Patients with renal impairment have no specific information regarding dosage adjustments, special monitoring, or safety considerations provided in the drug insert. Therefore, healthcare professionals should exercise caution when prescribing this medication to individuals with reduced kidney function, as the lack of data necessitates careful clinical judgment.

Hepatic Impairment

Patients with hepatic impairment should exercise caution when using this product, as it contains acetaminophen, which is associated with the risk of severe liver damage. It is critical that patients do not exceed a maximum dosage of 4,000 mg of acetaminophen within a 24-hour period. Additionally, the concurrent use of other medications containing acetaminophen or the consumption of three or more alcoholic drinks daily while using this product may further increase the risk of liver damage.

Patients with known liver disease are advised to consult a healthcare professional prior to using this product to assess the appropriateness of treatment and to discuss potential risks. Monitoring of liver function may be warranted in these patients to ensure safety and efficacy during treatment.

Overdosage

In the event of an overdose, it is imperative to seek immediate medical assistance or contact a Poison Control Center without delay. Prompt medical intervention is crucial for both adults and children, regardless of whether any signs or symptoms are apparent.

Healthcare professionals should be aware that the absence of symptoms does not preclude the possibility of serious complications. Therefore, it is essential to monitor the patient closely and provide appropriate care as needed.

Nonclinical Toxicology

No teratogenic or non-teratogenic effects have been reported in the available nonclinical studies. Additionally, there is no information regarding animal pharmacology and toxicology. The absence of data limits the assessment of potential risks associated with the use of the compound in these contexts.

Postmarketing Experience

Postmarketing experience has identified the following adverse reactions associated with acetaminophen use: severe skin reactions, including blisters, rash, and skin reddening. These events have been reported voluntarily or through surveillance programs.

Patient Counseling

Healthcare providers should advise patients on the importance of adhering to the recommended dosage of the medication. Patients must be informed that exceeding the recommended dosage can lead to serious health risks.
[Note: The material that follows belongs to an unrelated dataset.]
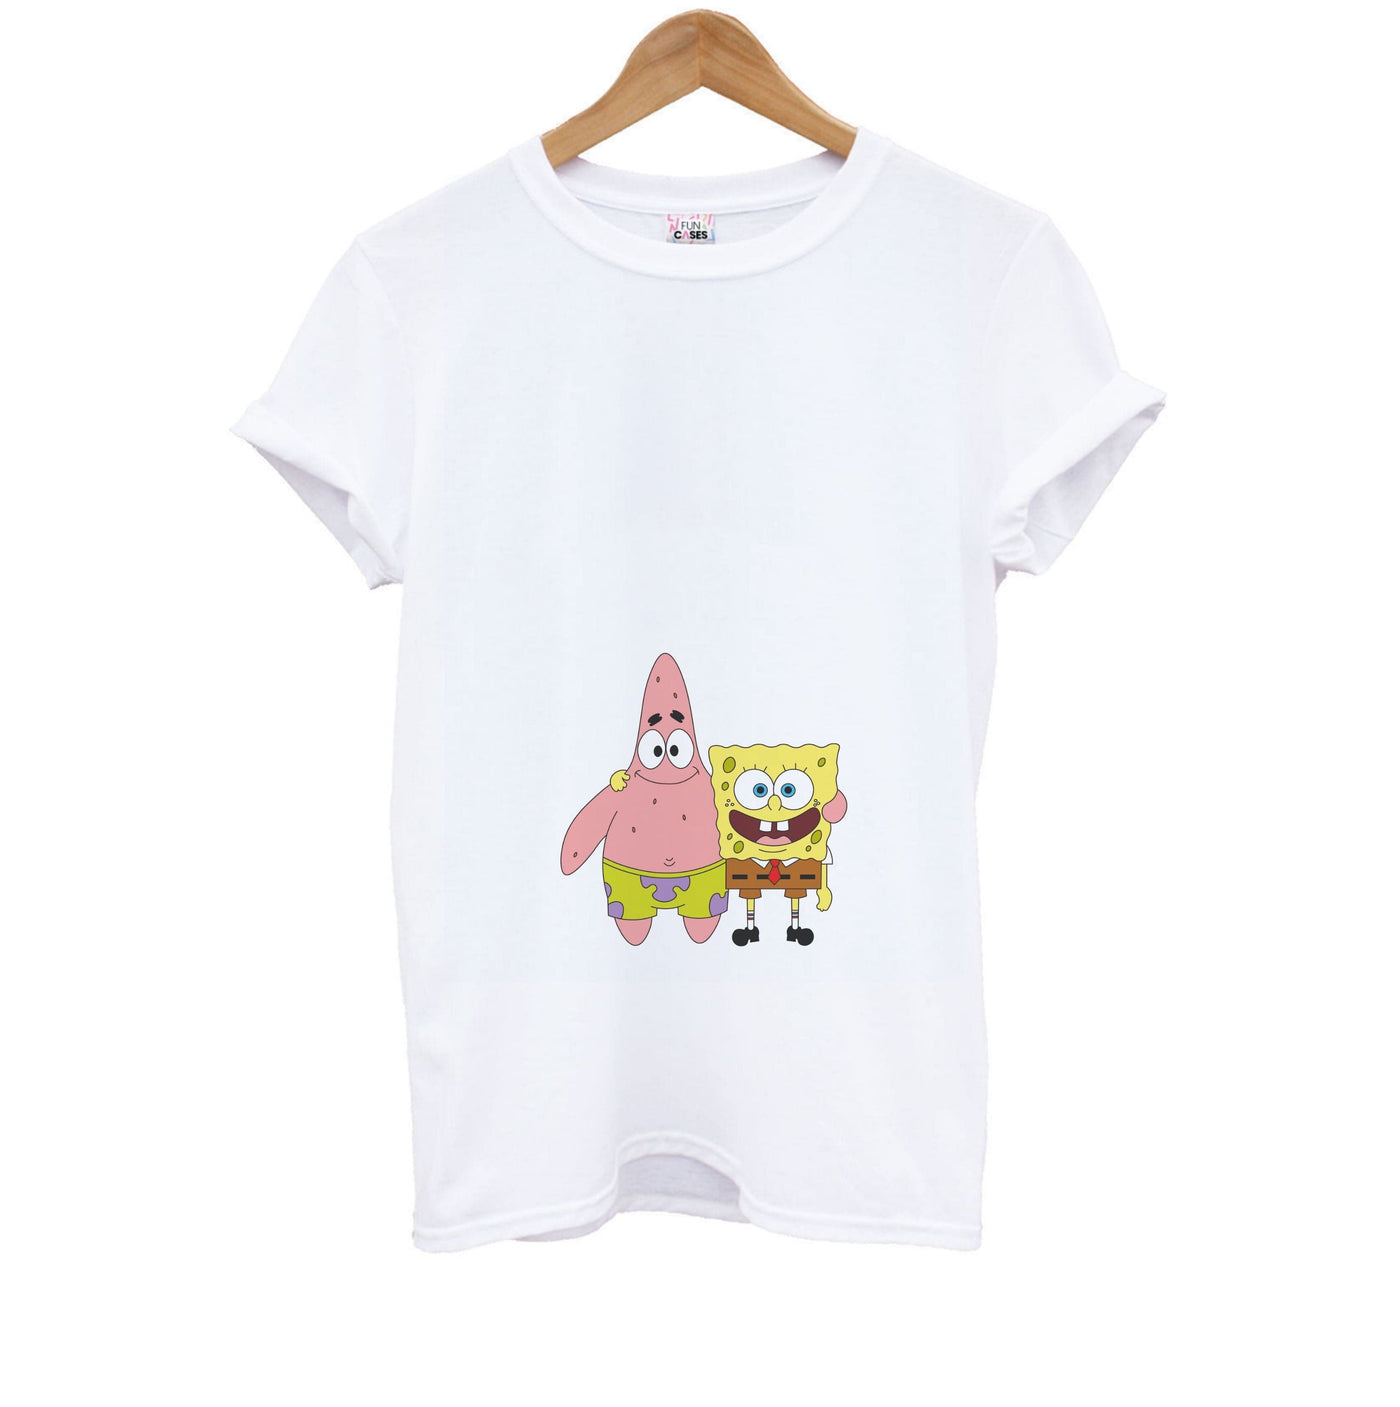 Patrick And Spongebob  Kids T-Shirt

In the event of an overdose, it is crucial for patients to seek medical help immediately or contact a Poison Control Center. Healthcare providers should emphasize that prompt medical attention is essential for both adults and children, even if no signs or symptoms of overdose are apparent. This proactive approach can significantly mitigate potential health complications associated with overdose situations.

Storage and Handling

The product is supplied in a tamper-evident package. It should not be used if the outer package is opened or if the blister is torn or broken.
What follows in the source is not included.